The OFT has also cracked down on payday loan lenders, imposing requirements on Safeloans Limited (which trades as Paydayok) today, and warning others they must not misuse direct debit facilities to vary the amount or date of a loan repayment.

Direct debt facilities are used by some payday lenders to give them greater control over the repayment of short-term loans. This means that if a borrower defaults on the loan, the lender can make multiple attempts to take money from the borrower's account without agreeing specific amounts or dates with them.

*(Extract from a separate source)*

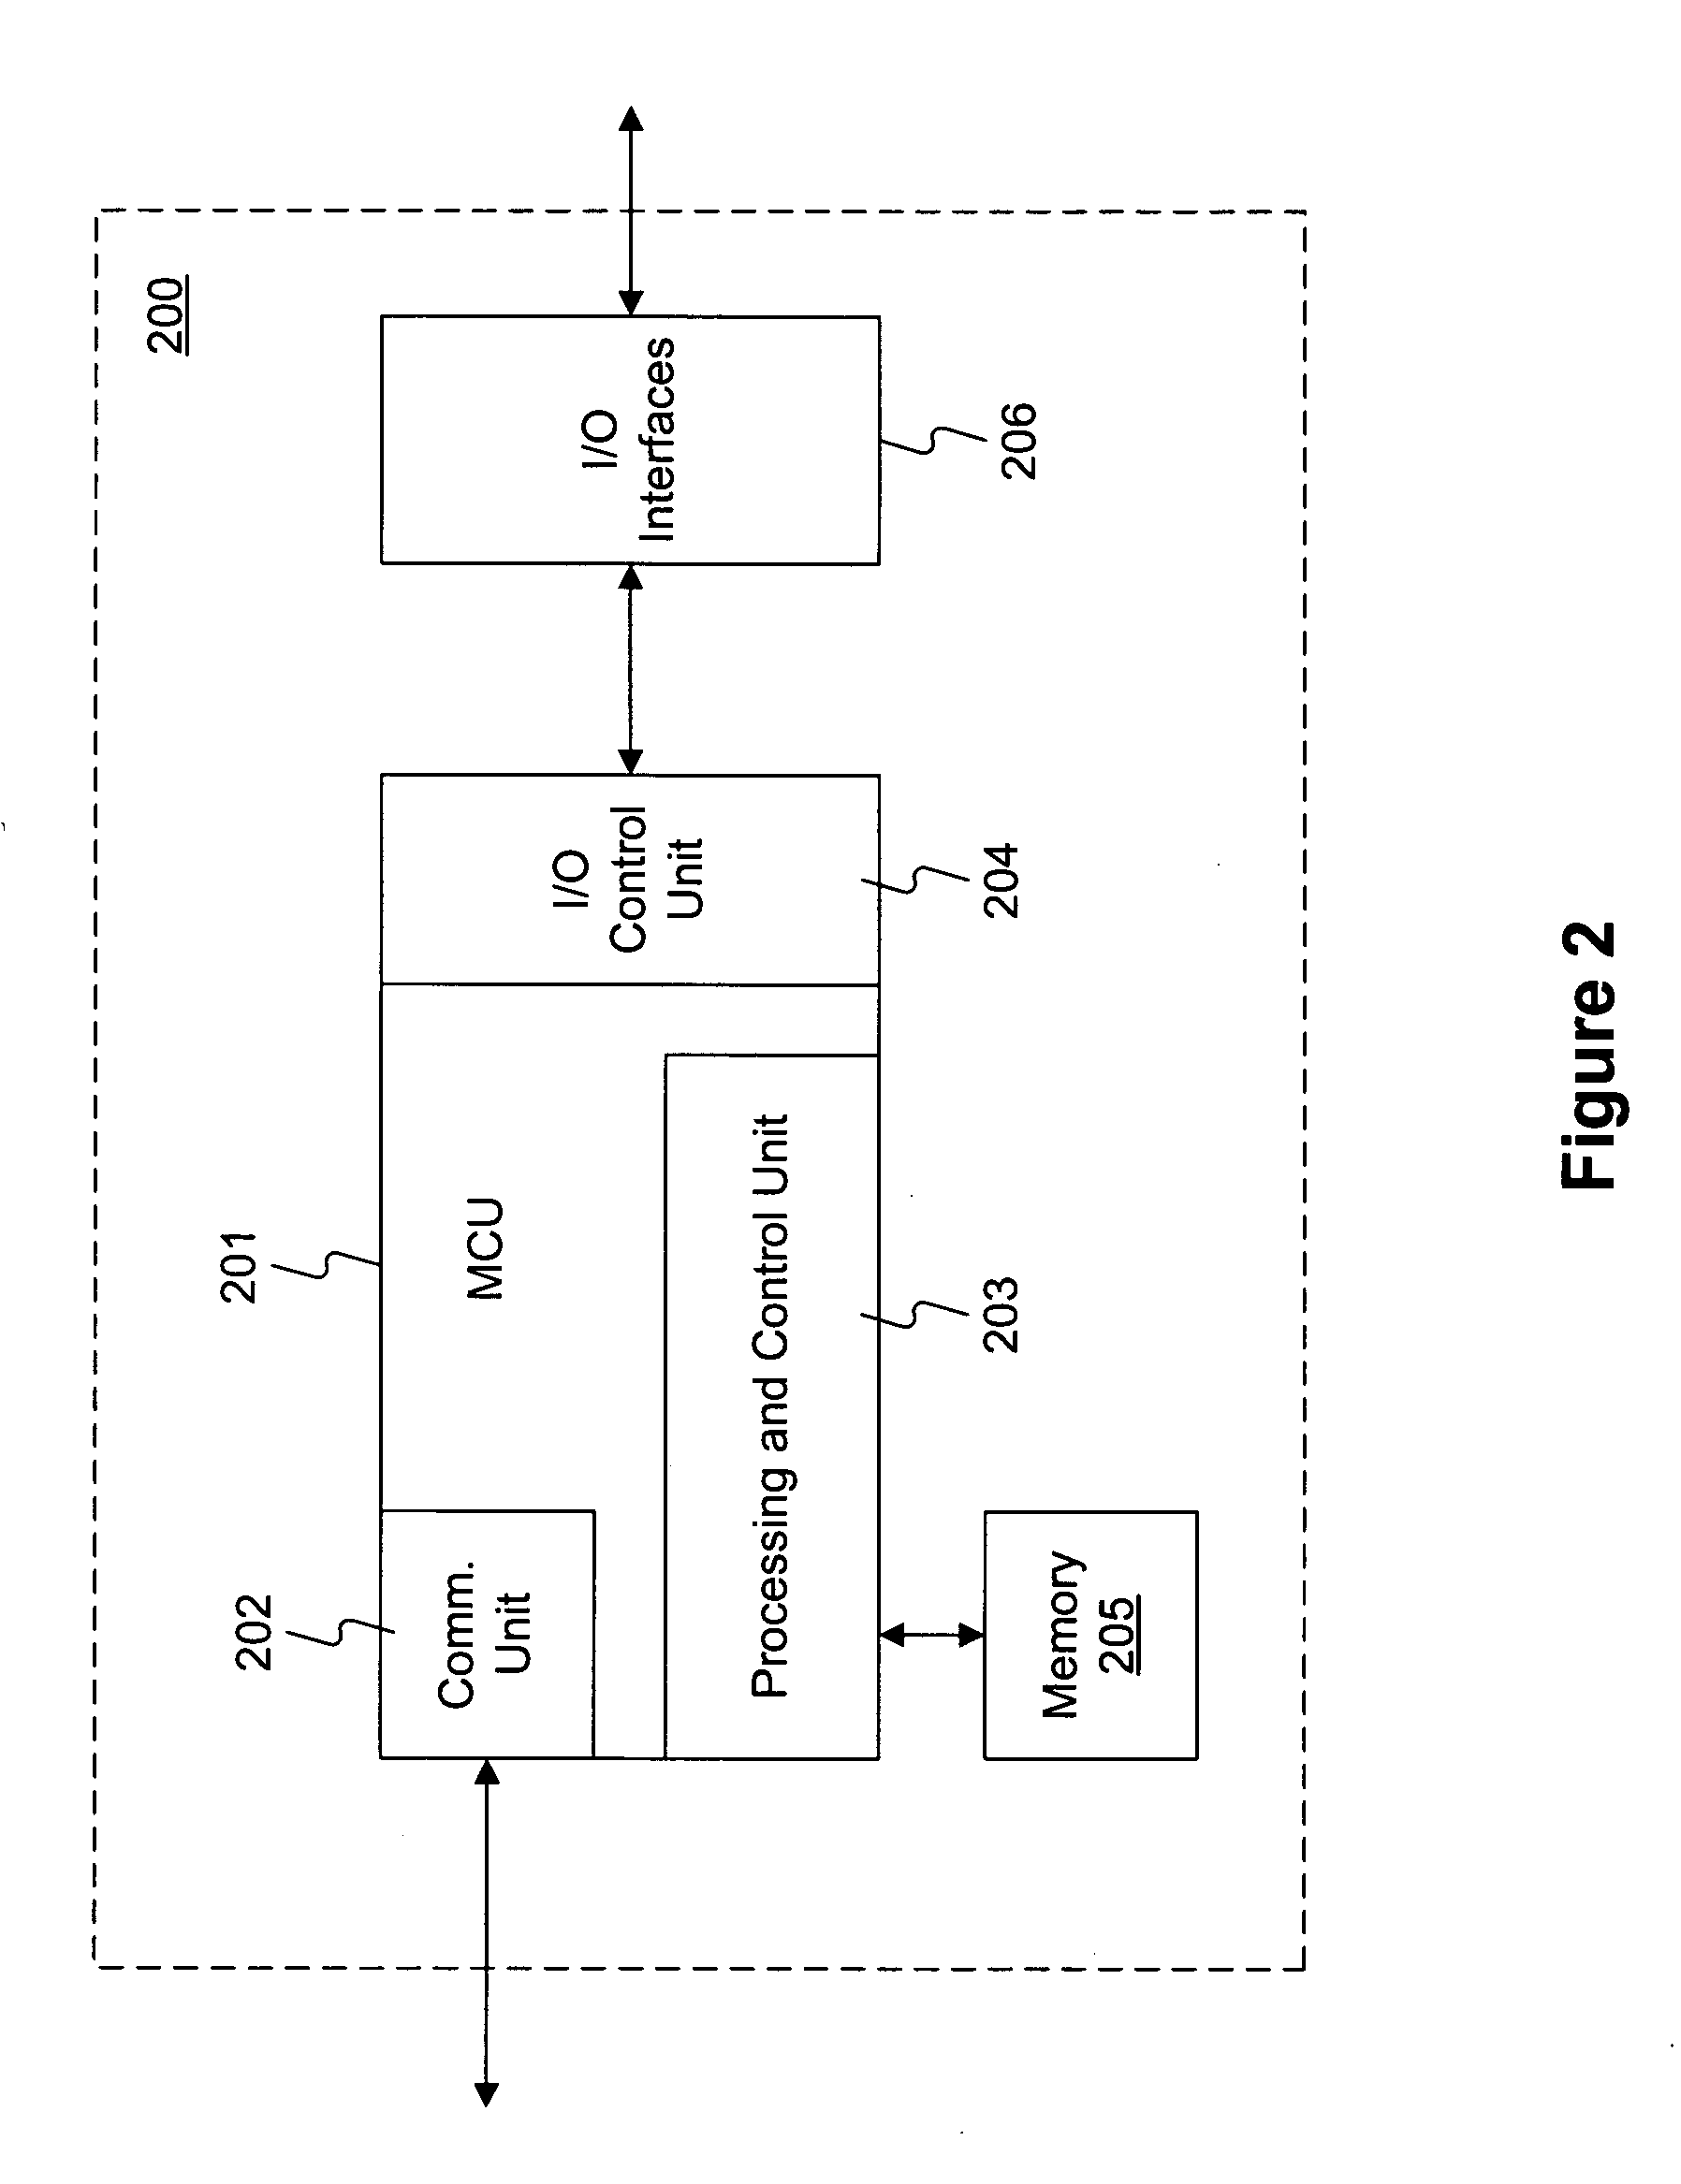 System for fuel cell power plant load following and power regulation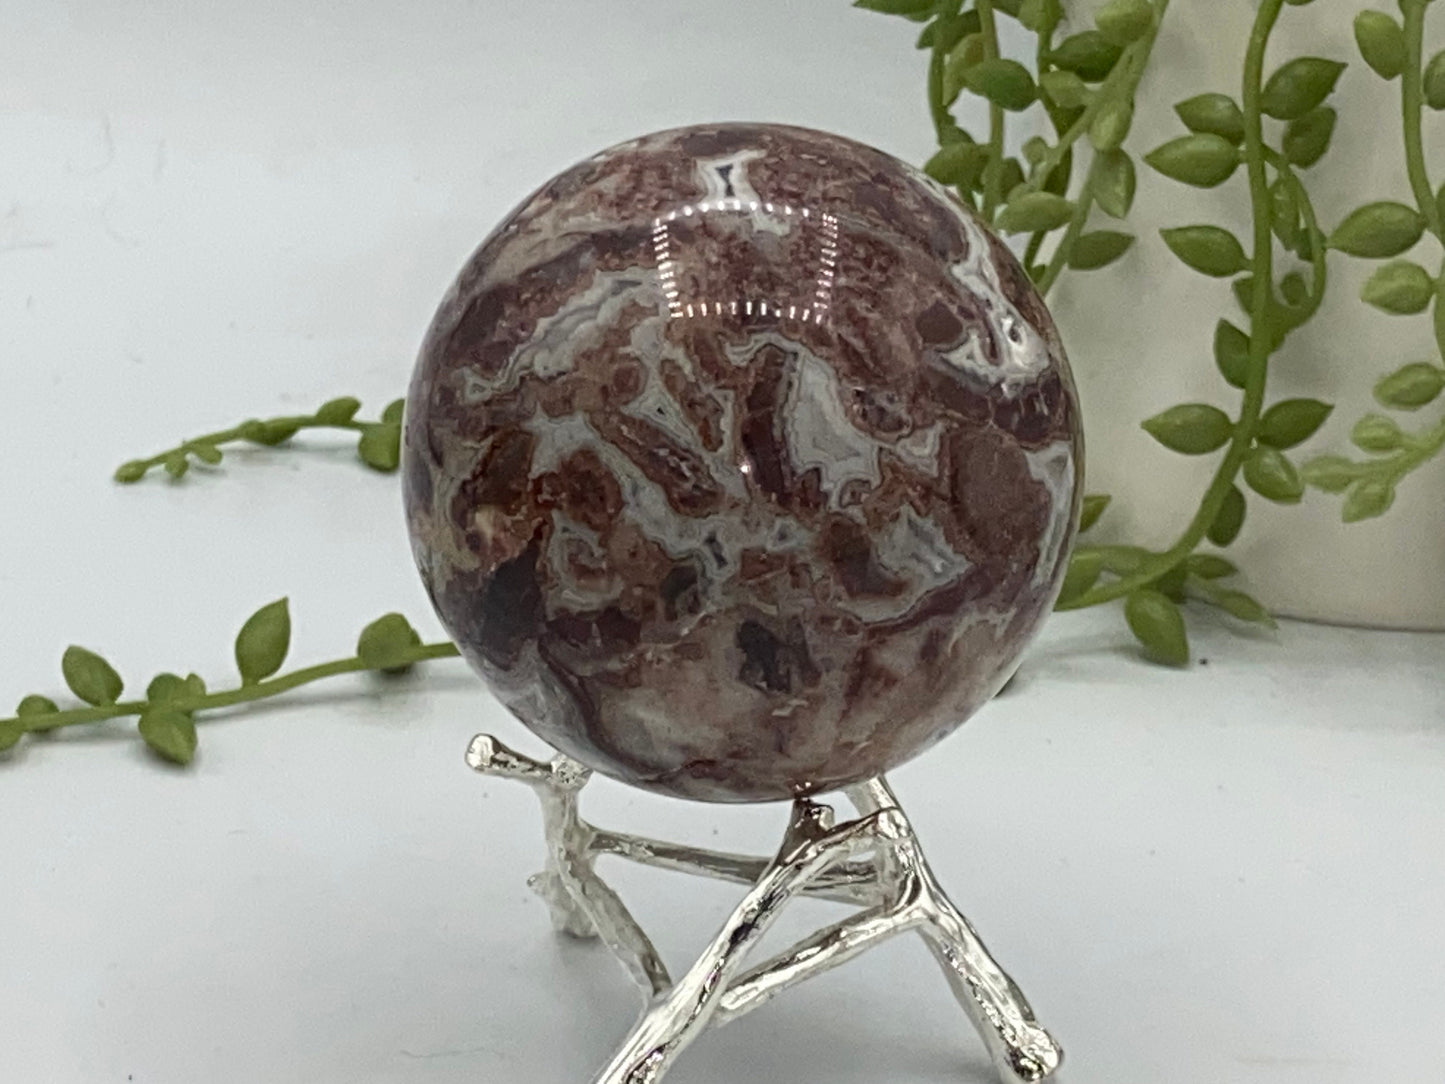 Natural Druzy Polished Mexican Lace Agate Sphere Ball, Banded Agate, Divination Ball, Crystal Heal, Chakra, Crystal Gift, Mineral Specimen

The OFT believes some lenders use this "continuous authority" as a way to bypass proper checks on a borrower's ability to repay. The OFT is also concerned that taking money from a debtor's account when they are already in difficulty could prevent them from meeting priority debts, such as rent or mortgage payments.

Following the OFT ruling Safeloans Limited, which typically offers same-day loans of £50-£400 on a short-term basis, must only take money from borrowers' accounts on the date or dates set out in the loan agreement, unless otherwise agreed with the borrower in advance.

It must also not change repayment amounts unless this has been specifically agreed with the borrower in advance, and it must only take money from an account specifically given to Paydayok for the repayment of that loan.

Failure to comply with requirements could lead to a fine of up to £50,000 per breach, or action to revoke a company's credit licence. The requirements imposed on Safeloans Limited follow similar action announced last month against CIM Technologies Ltd, trading as Toothfairy Finance.

Watson said: "We have made it clear we will not tolerate companies misusing repayment facilities and we will take action to ensure that unfair terms are not used. Those who offer payday loans must do so responsibly and in accordance with the expected standards."